Он снова вздрогнул, и лицо его вытянулось. Но тут послышались шаги слуги, несшего мантилью Шарлотты, и барон тотчас взял себя в руки.
Взяв у слуги свою мантилью, она направилась к выходу. Джеймс провожал ее до кареты, но Шарлотта больше не задавала вопросов – ее одолевали тревожные мысли и столь же тревожные предчувствия.
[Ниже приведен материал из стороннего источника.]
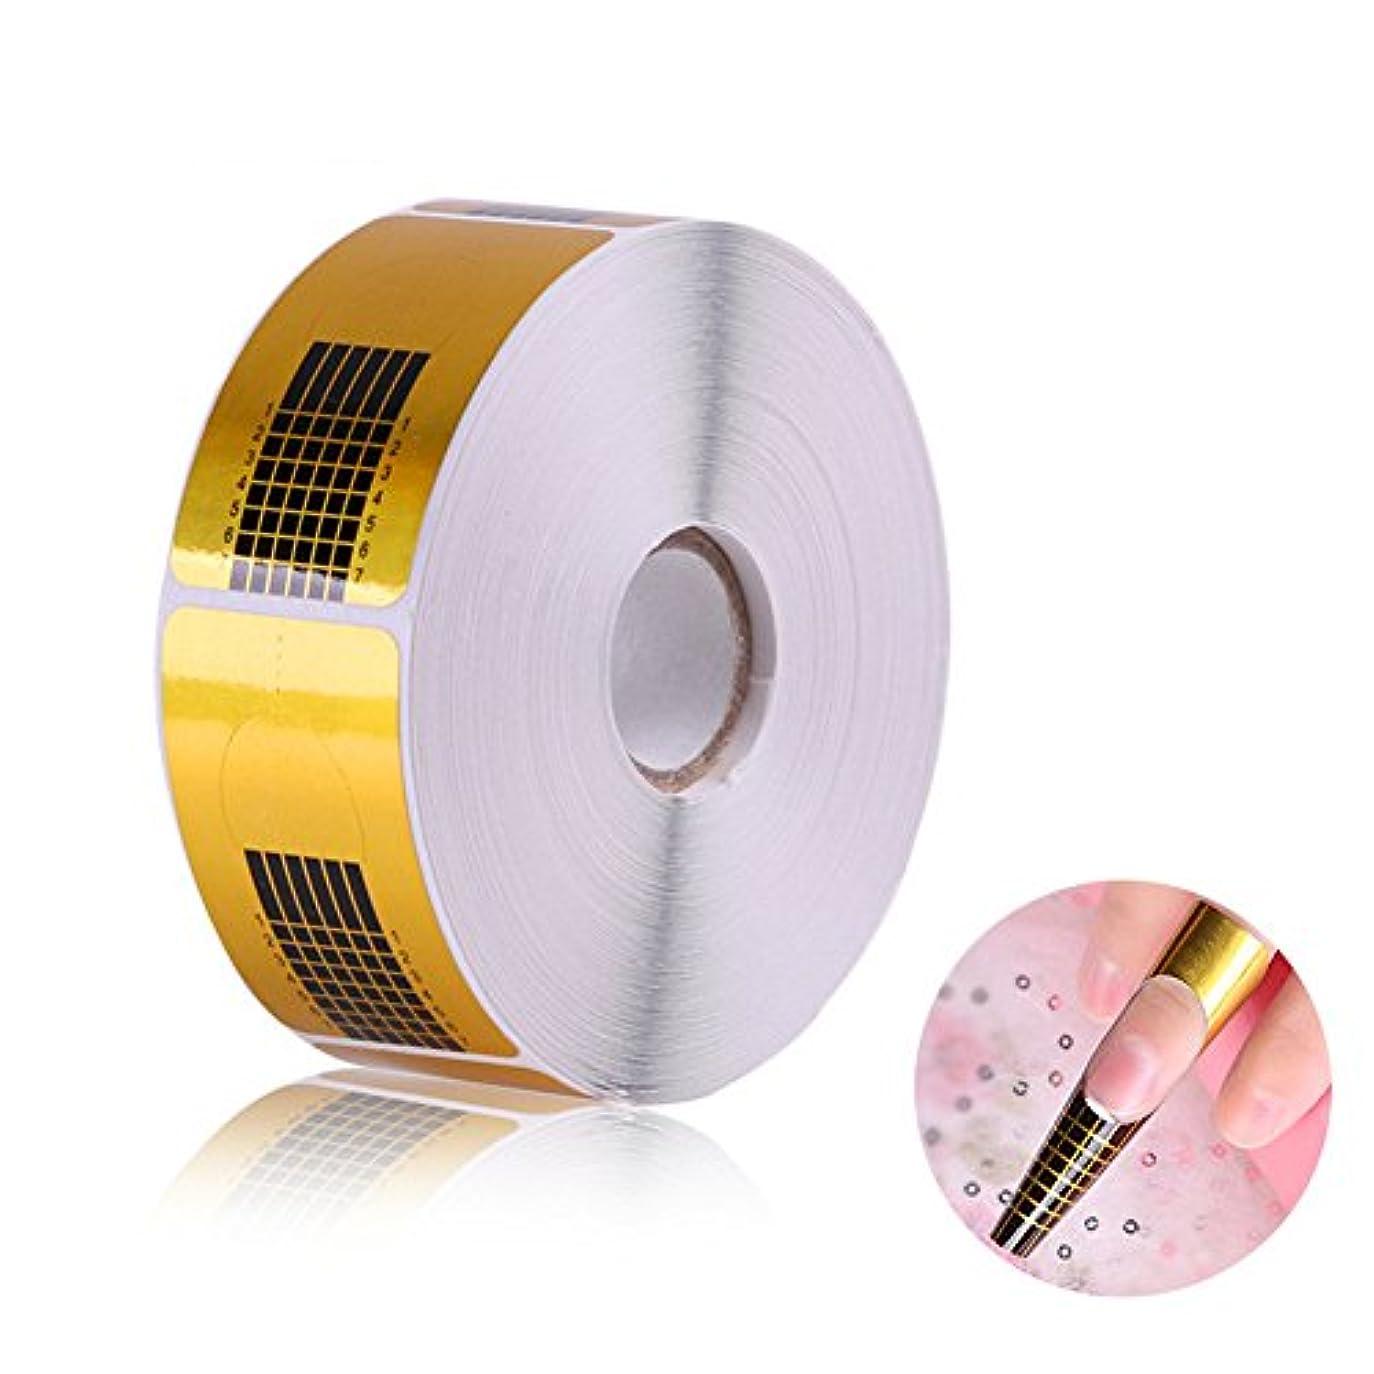 なくなるネックレット強度長さだしネイルフォームガイドテープ アクリル、UVジェルネイルチップエクステンションに適用なツール マニキュアネイルアートツール (500枚)

Закрыв дверцу карету, Джеймс подошел к окну и, пристально глядя на Шарлотту, спросил:
– Скажи, ты путешествовала одна?
Его интонации требовали ответа. Неужели он подозревал, что Натаниел сопровождал ее? Или он что-то узнал о тех расследованиях, которые проводил Найтридж здесь, в Лондоне?
– Разумеется, нет, – ответила Шарлотта. – Меня сопровождала моя горничная.
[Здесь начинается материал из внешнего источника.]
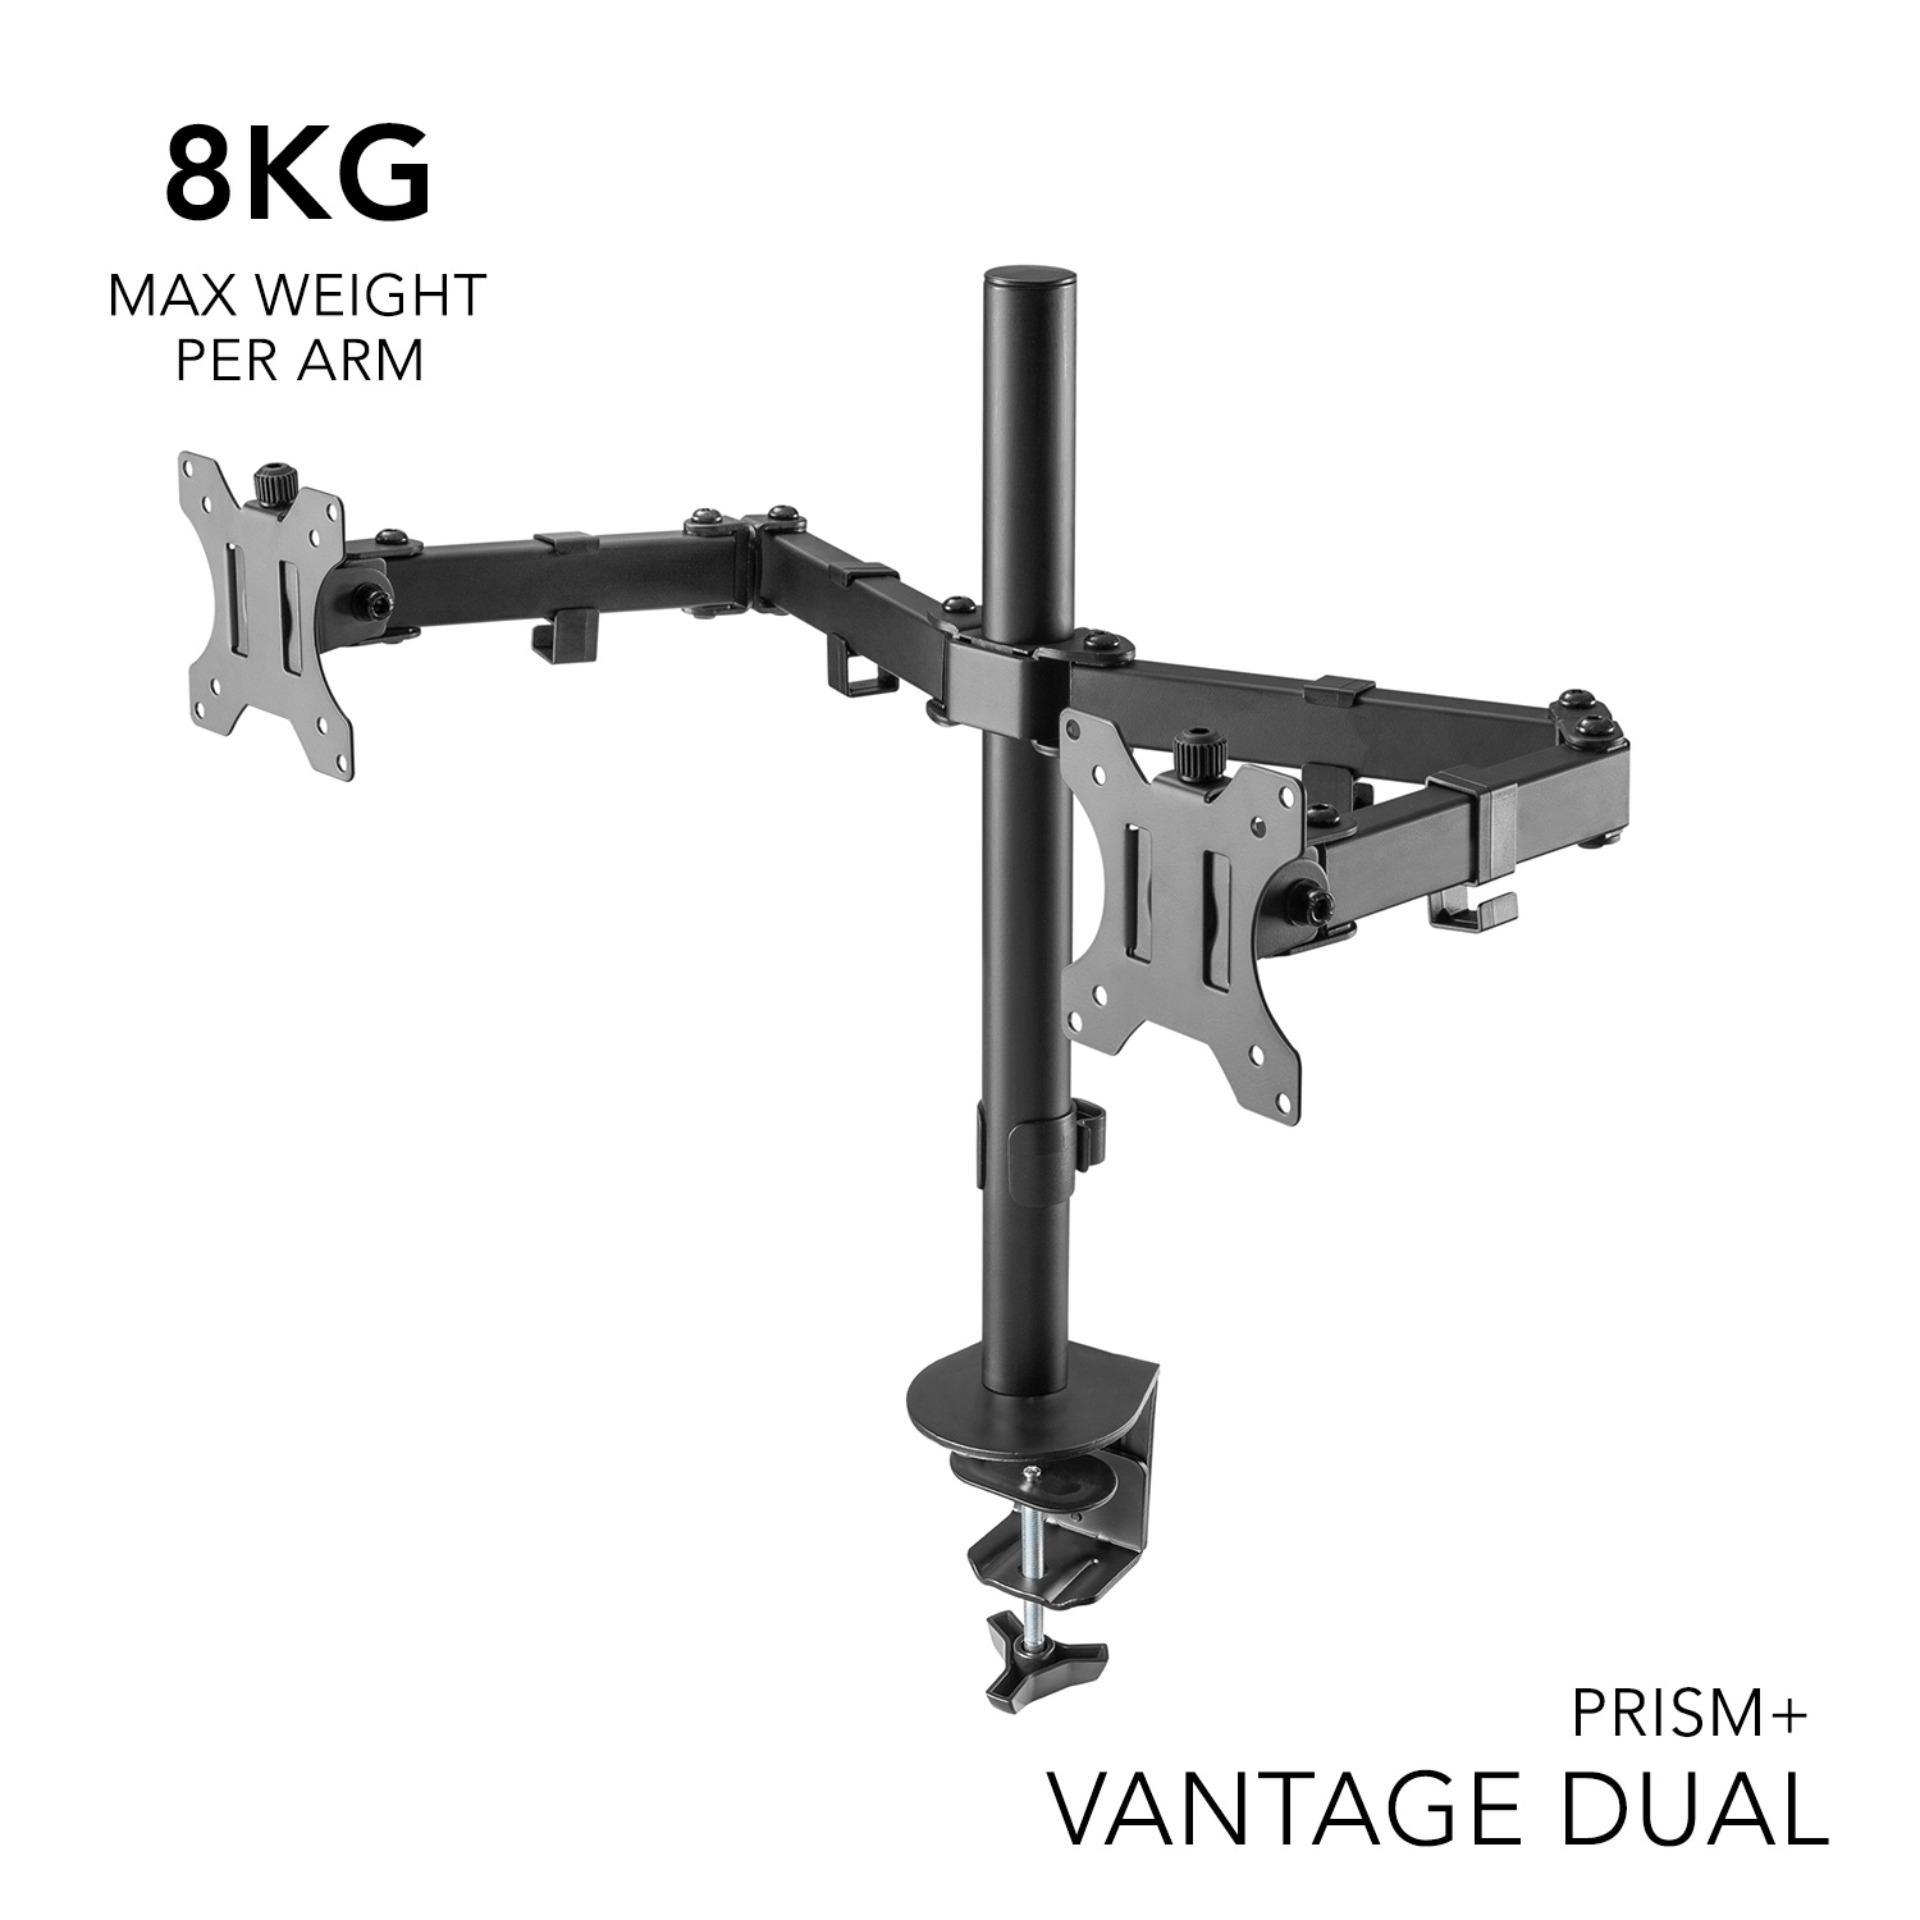 PRISM+ Vantage Dual Monitor VESA Monitor Arm

Высунувшись из окна, она велела кучеру везти ее домой.
– Ты слишком уж рассеян, – пробормотал Линдейл. Он стоял за спиной Натаниела, сидевшего за карточным столом. – О чем ты думал, делая такой глупый ход?
Натаниел оглянулся на своего мучителя:
– Я думал, ты устал от игры и давно ушел.
– Я устал только от того, что ты так легко даешь себя обыграть.
– Тогда найди более удачливого игрока и перестань жужжать у меня над ухом, как надоедливая муха.
– Я не жужжу, а говорю об очевидном. Но ты, похоже, не способен что-либо воспринимать. Ты явно не в себе, и мой долг – не позволить тебе разориться.
– Не беспокойся, со мной все в порядке.
– Тогда, Найтридж, тебе нет прощения. Ведь ты проигрываешь Абернати. Представляешь, Абернати…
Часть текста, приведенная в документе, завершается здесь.